Conservatives have gotten a lot of grief these days from various corners for trying to defend President Bush on the White House leak scandal.

For example, my friend Peter Beinart, editor of The New Republic, writes about the "flurry of justifications: some plausible, some contradictory, some laughable" offered by the conservative press in the days after the story broke (or, I should say "re-broke" since the leak had been known since last July).

Such scorekeeping is entirely fair in politics, and conservative explanations and excuses have been all over the map. Of course, the diversity of responses and opinions on the right should help dispel the notion that conservatives are intellectually homogeneous and politically monolithic. If the vast right wing conspiracy existed, after all, we would have gotten our stories straight from the outset - thanks to our super-duper decoder rings and the transmitters in our fillings.

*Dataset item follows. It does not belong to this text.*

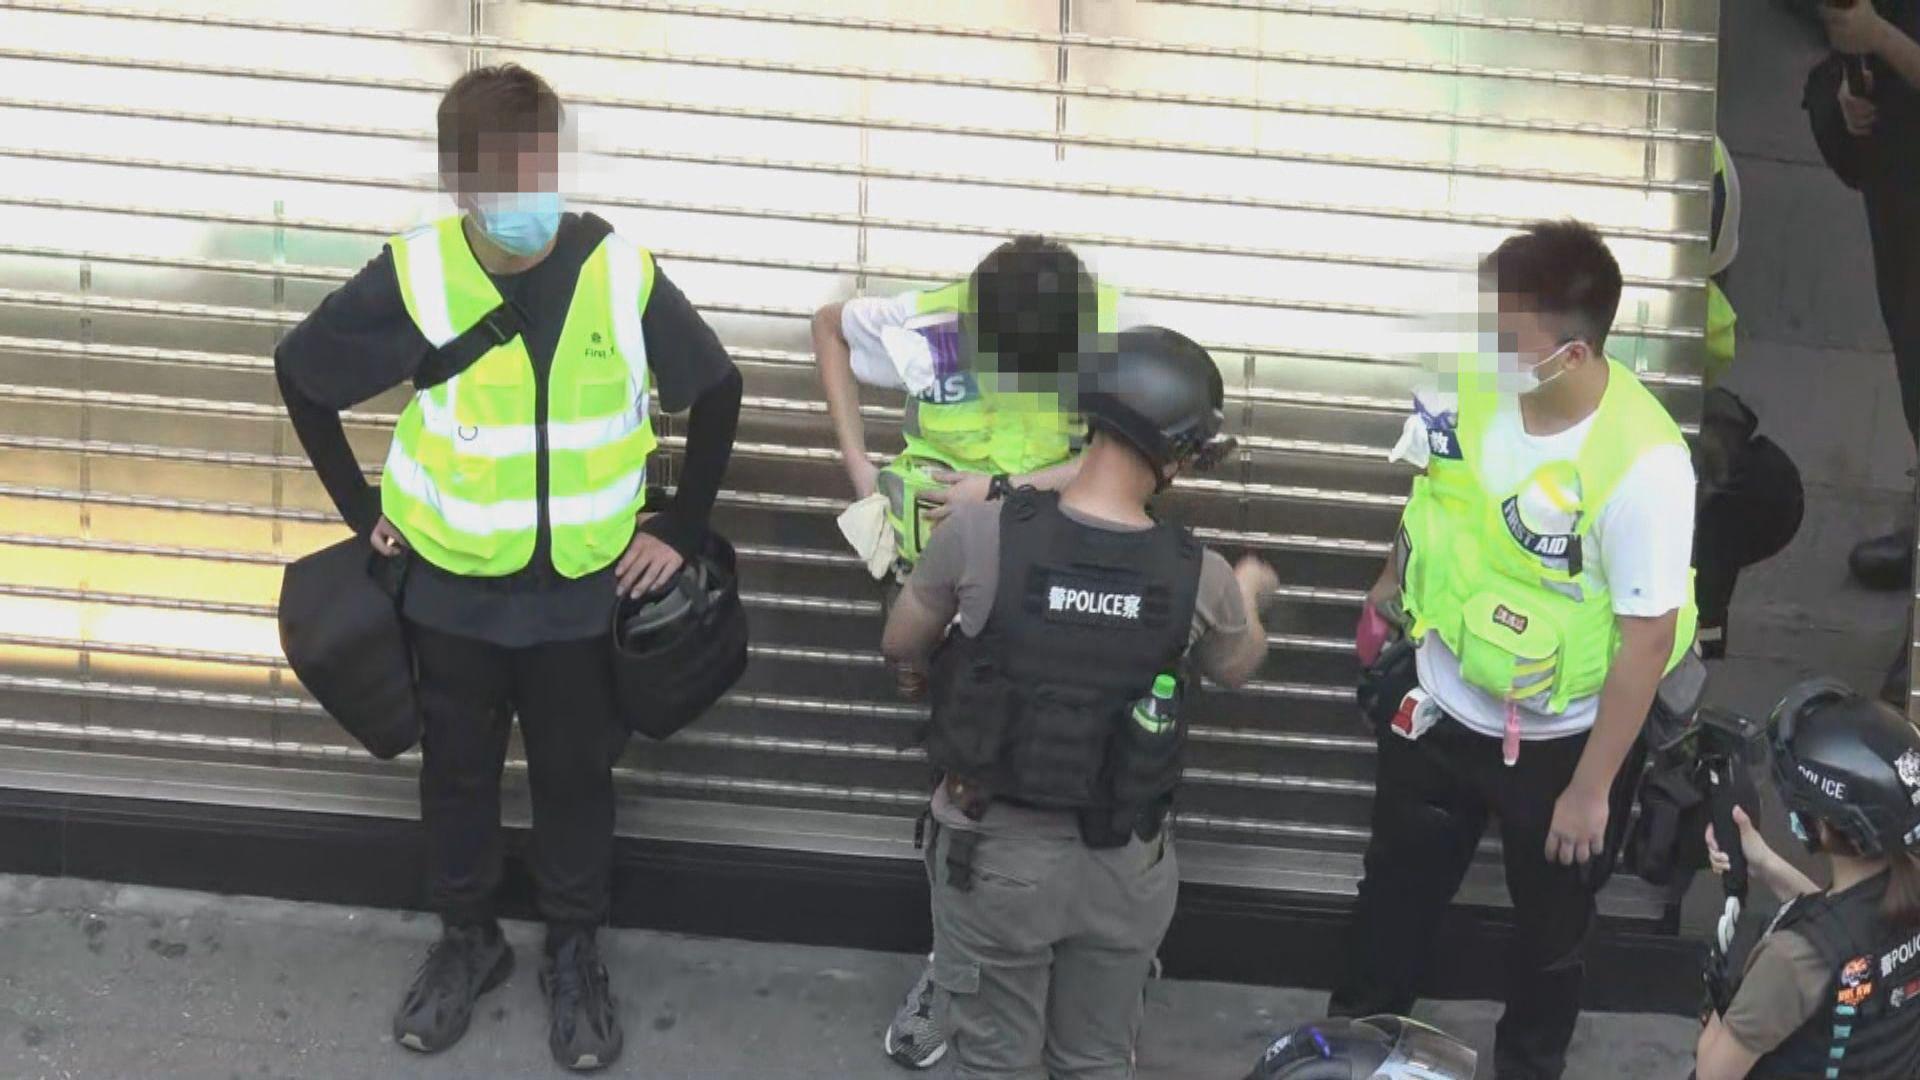 警方指有人涉嫌非法集結 共拘捕五十三人

Truth be told, I don't know what happened. I don't take Joseph Wilson at his word, in part because his words keep changing and in part because he strikes me as a partisan limelight hog. At first he flat out accused Karl Rove of outing his wife as a spy; now he's backed away from that claim. He's fretted about how his wife is in danger but takes every opportunity to draw more attention to himself and his wife - and enthusiastically muses about who will play her in the movies.

My guess is that this scandal will be much closer to "Filegate" than Watergate. Filegate, recall, was the Clinton scandal (there were so many) in which a former bouncer named Craig Livingstone collected 900 FBI files on various members of Republican administrations. Because the Clinton White House was the most Nixonian since, well, Nixon, conservatives were understandably suspicious that the files were being used for an enemies list.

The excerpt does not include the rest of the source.